The annual Emmy Awards are scheduled to take place on Sunday, September 19. Nominees were announced on July 13 and while the eligibility period for the awards was June 1 2020 - May 31 2021, here we are looking at how demand for the nominated series and talent stands just before the winners are announced. While the shows chosen by the Academy haven not always lined up with audience favorites, the good news is the gap between these has been closing in recent years.
So for those of you still looking to place bets on who the winners will be, here is how demand for the series and talent in a few categories stacks up ahead of the big night:
Best Comedy: How long is the Academy’s memory?
Taking a look first at the shows in the running for best comedy series two observations stand out. Ted Lasso has taken the lead as the most in-demand of these shows and held onto that spot for the past two months. It began airing episodes in its second season in July and will continue through October. Momentum and current buzz is definitely on the side of this show.
However, taking a longer range view of things, it is clear that Cobra Kai has held onto the top rank among these shows for the majority of the past year. It truly had an incredible season 3 debut on Netflix, nearly hitting 100x the average series demand for the week of January 10. The question is will the Academy go with the show that has been the audience favorite for most of the year; will they pick the currently hot and buzzy Ted Lasso; or will one of the other series walk away with the prize?
Best Drama: A tightening race
While The Mandalorian had a phenomenal run up in demand during its season 2 release culminating in a weekly peak near 100x, the difference in demand across the shows nominated for Best Drama has narrowed significantly since then. It’s worth noting that among these shows every series except Bridgerton has ranked at least 2nd at some point in this time period. That’s not a good indicator for Netflix’s second British period drama nominated in this category this year.
Best Actress, Limited Series: I may surprise you
It’s a fair question when considering acting categories how much an impact the individual talent themselves has as opposed to the show they are acting in. The jury is still out on that but we can provide insight into both by looking at show demand as well as demand for individual actors. Below are the lead actresses nominated in the limited series category and the demand for each during the Emmys eligibility period.
The most in-demand actress of these five was a bit surprising! Knowing that Elizabeth Olsen was nominated for her role in WandaVision, one would think that the huge Marvel fanbase would automatically put her in the lead. In fact, Anya Taylor-Joy ranks as the most in-demand actress among these nominees, with 28.28x the average talent demand compared to Elizabeth Olsen’s 21.03x. In this category at least it looks like both critical acclaim and popular demand have aligned behind Anya Taylor Joy.

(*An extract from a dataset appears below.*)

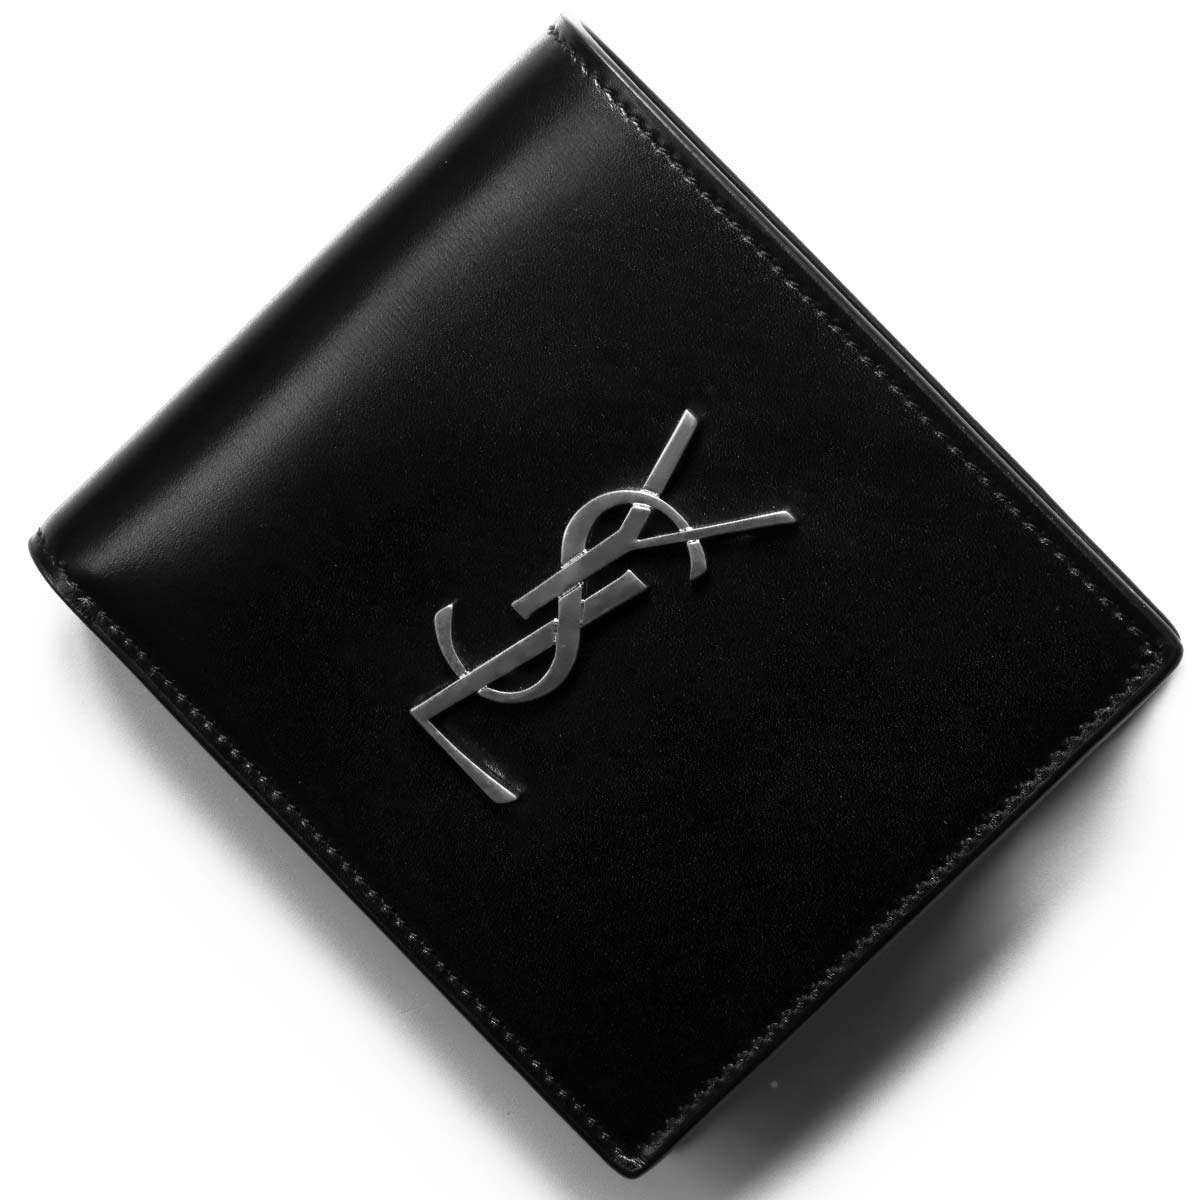 brand new 0f832 e45e3 サンローランパリ イヴサンローラン 二つ折財布【札入れ】 財布 ...

Considering the shows these actresses were nominated for (below) it looks like it could be a tighter race. Each of the series at one point during the eligibility period, except Genius: Aretha, was more in-demand than the others. WandaVision, not unsurprisingly, had the highest peak of these. I May Destroy You and The Queen’s Gambit had similar high peaks while Mare of Easttown peaked above these but below WandaVision at around 30x the average series. This could again be a question of how long the Academy’s memory is - I May Destroy You peaked at the very beginning of the eligibility period. Is that ancient history when it comes to members voting?
Good luck to everyone trying to guess the winners of these categories. You can put as much data as you want behind predictions but it’s notoriously difficult to predict how the Academy will vote. Just remember (if you ever get tired of trying to guess winners picked in a smoke filled back room) that there actually is a data driven award for best show backed by popular demand.